▸ PROBLEM STATEMENT: Nothing outside the lines below from the one containing "Lisa Kudrow: I" through the one containing "How it works with kernel eBPF" is to be printed; print those exactly, ends included, and drop the pictures.

▸ PROVIDED MATERIAL:
^^^^^^^^^^^^^^^^

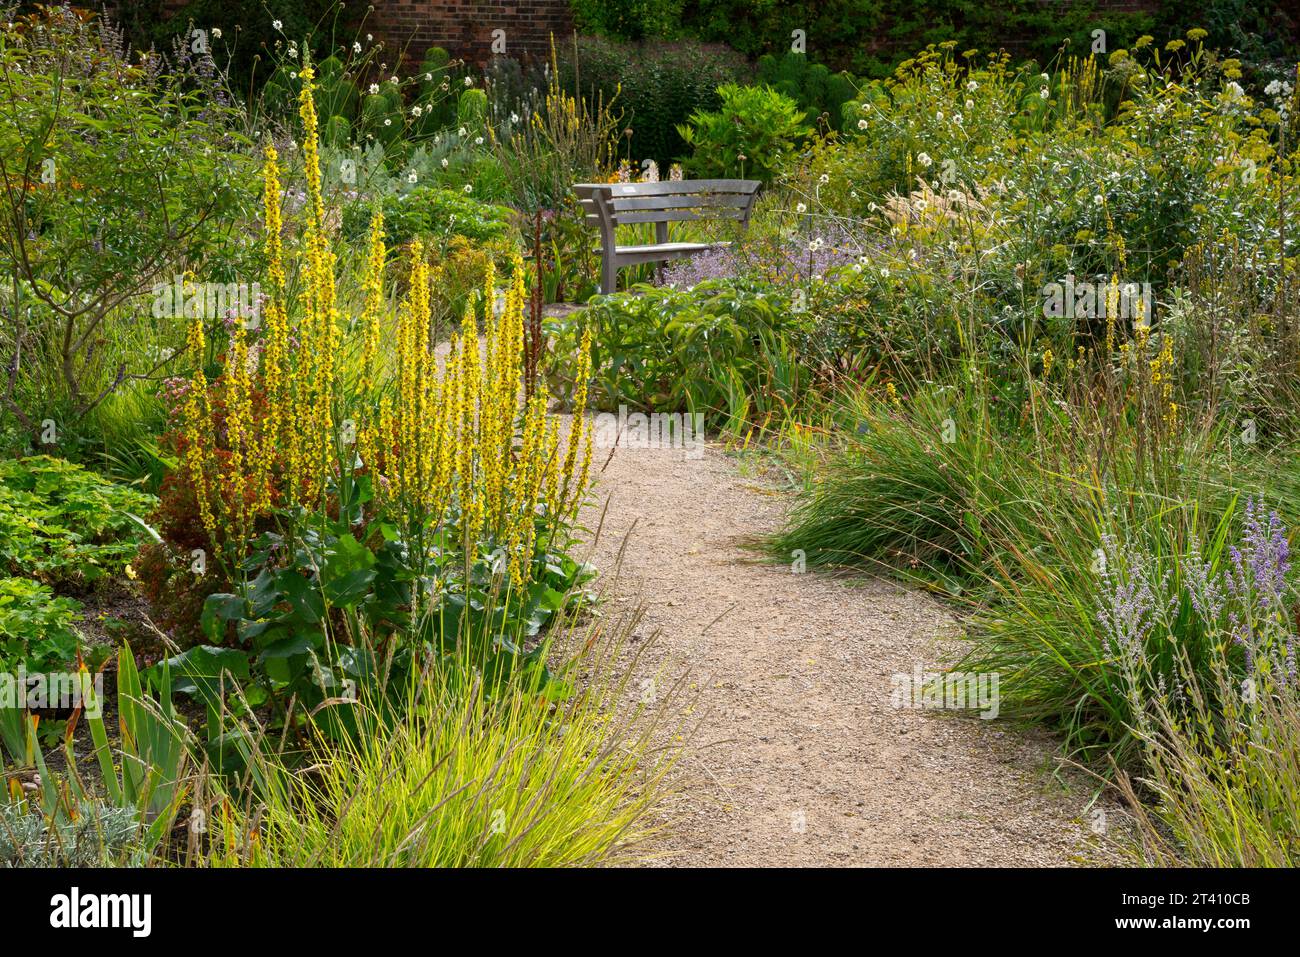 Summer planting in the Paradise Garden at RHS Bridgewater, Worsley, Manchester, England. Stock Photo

^^^^^^^^^^^^^^^^

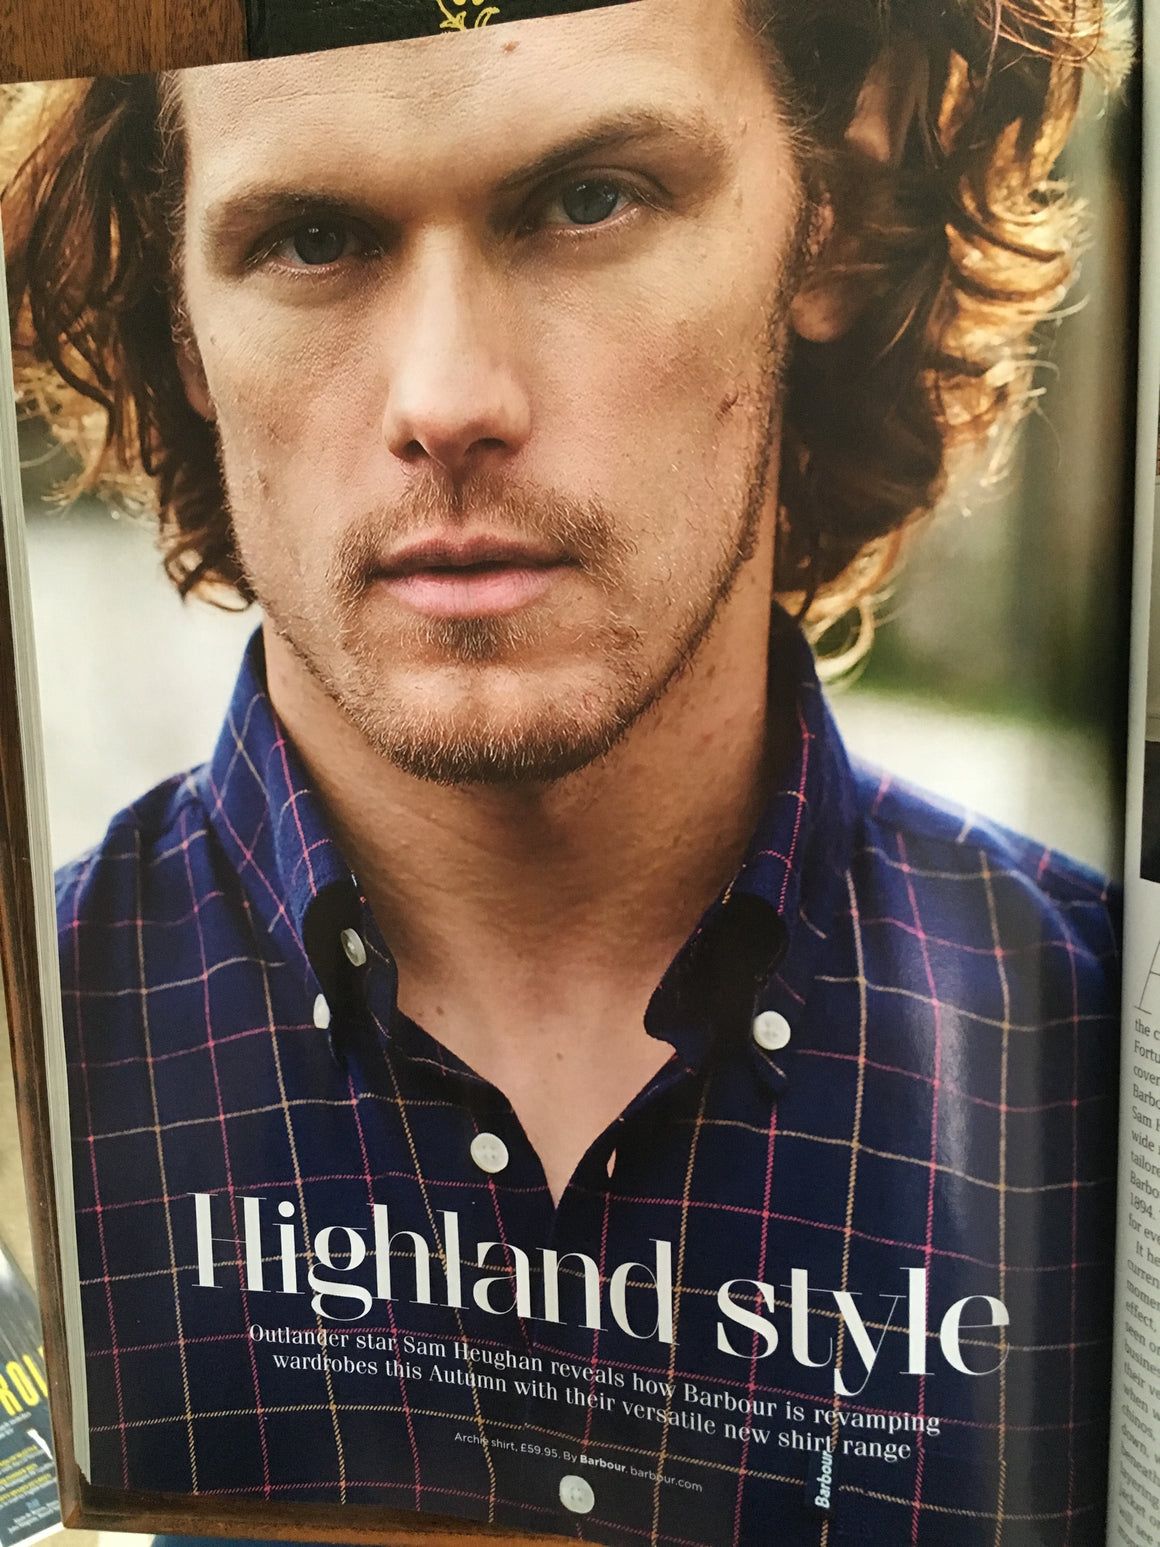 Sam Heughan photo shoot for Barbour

^^^^^^^^^^^^^^^^

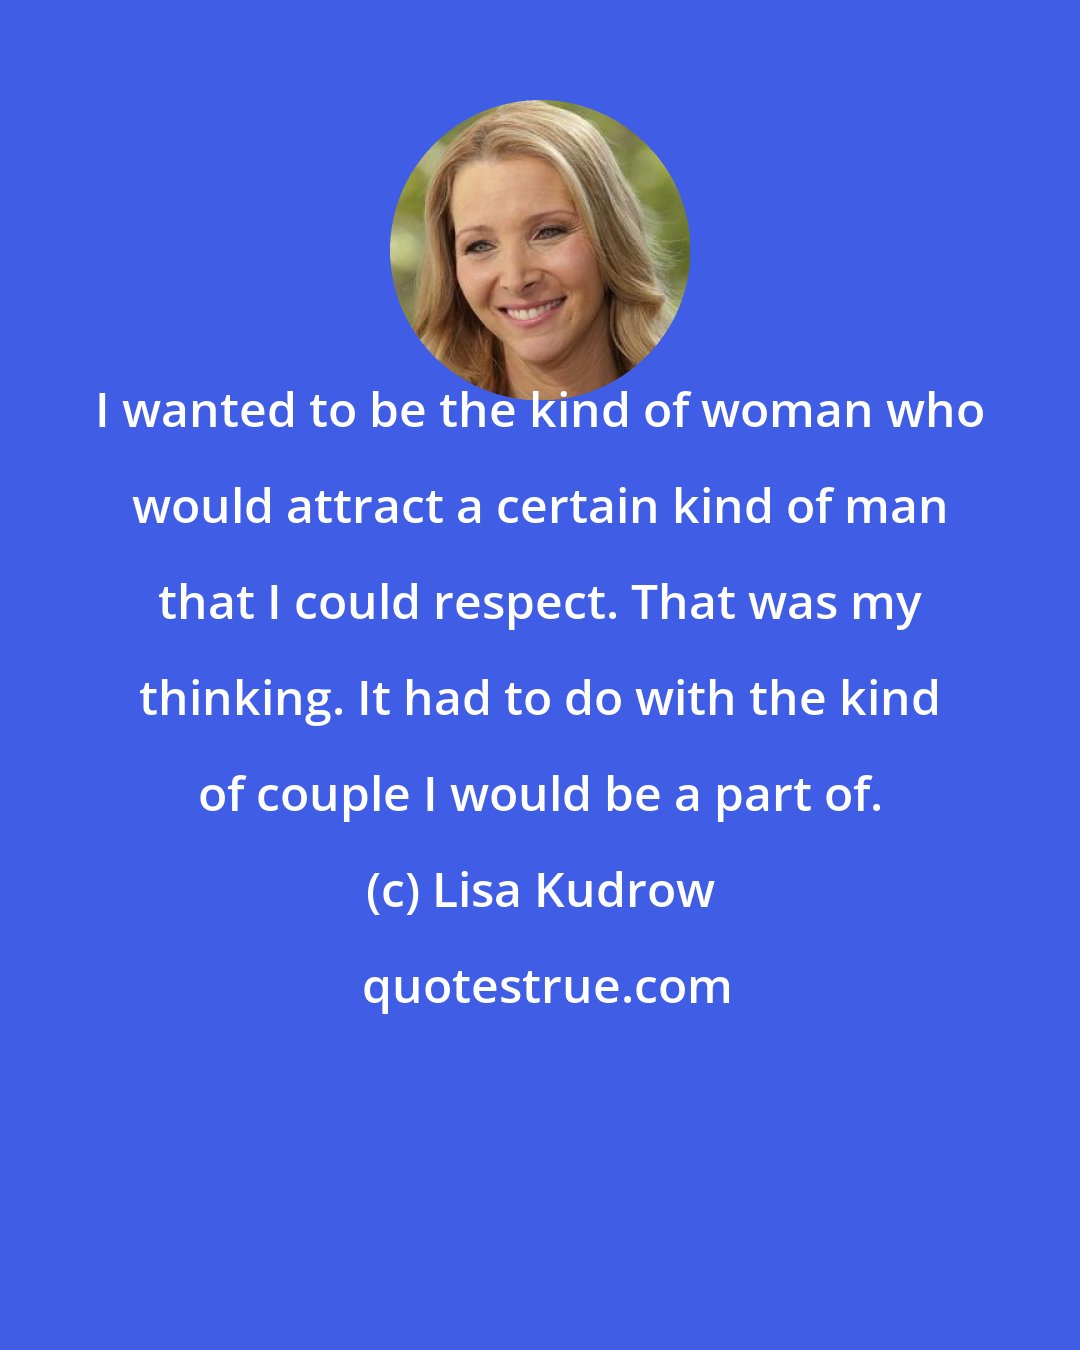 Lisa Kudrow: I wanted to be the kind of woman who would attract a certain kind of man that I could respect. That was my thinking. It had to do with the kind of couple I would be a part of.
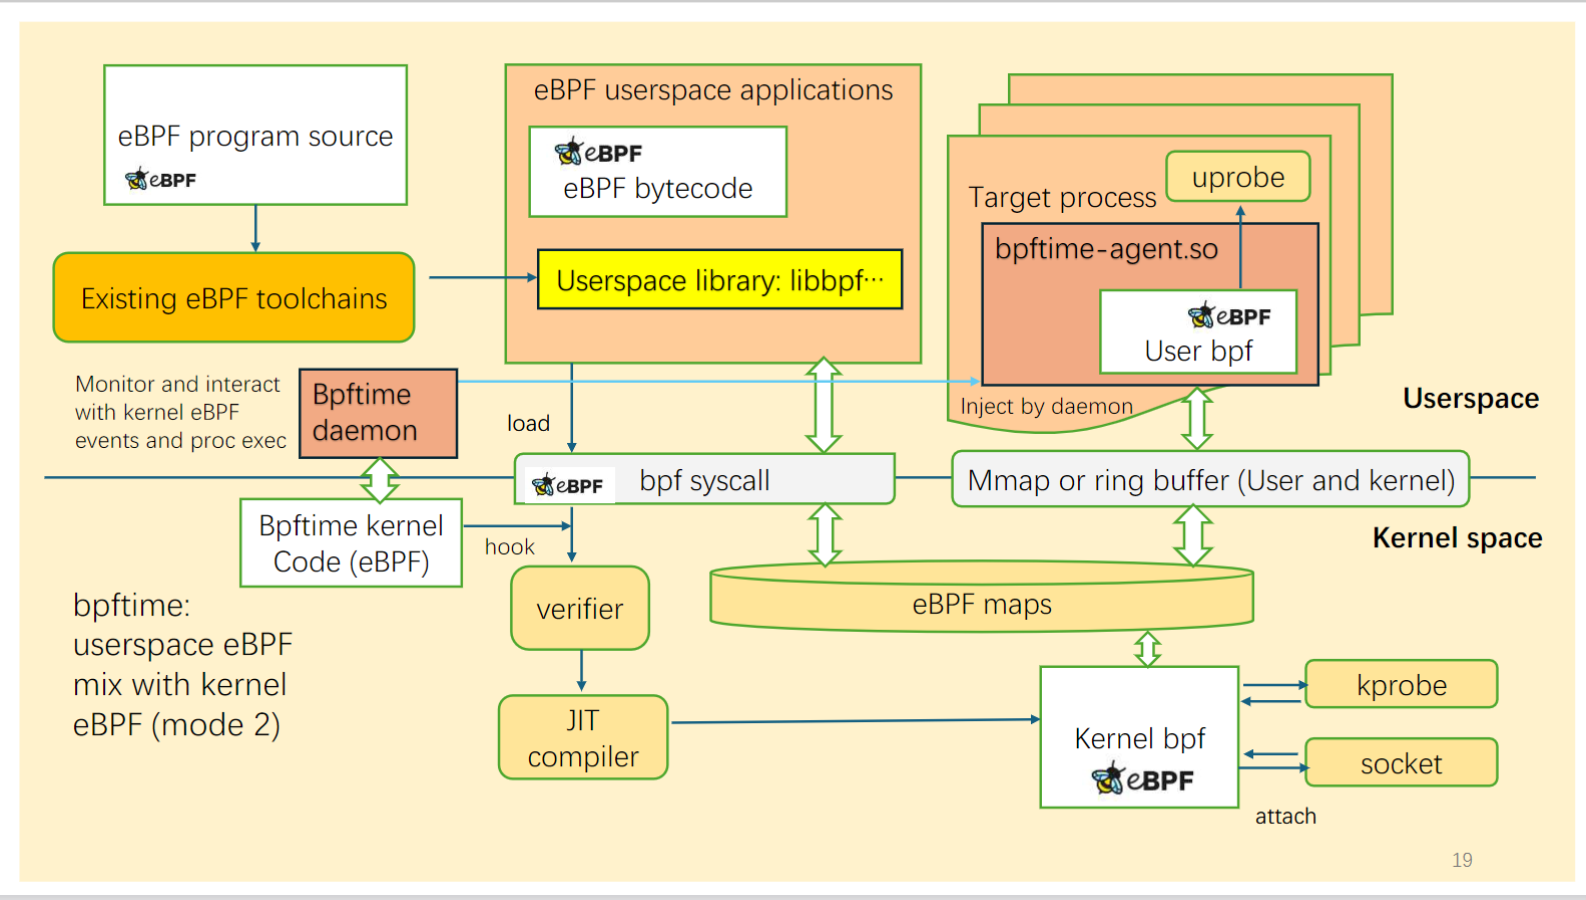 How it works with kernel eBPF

^^^^^^^^^^^^^^^^

▸ SOLVED EXERCISE:
 Lisa Kudrow: I wanted to be the kind of woman who would attract a certain kind of man that I could respect. That was my thinking. It had to do with the kind of couple I would be a part of.
 How it works with kernel eBPF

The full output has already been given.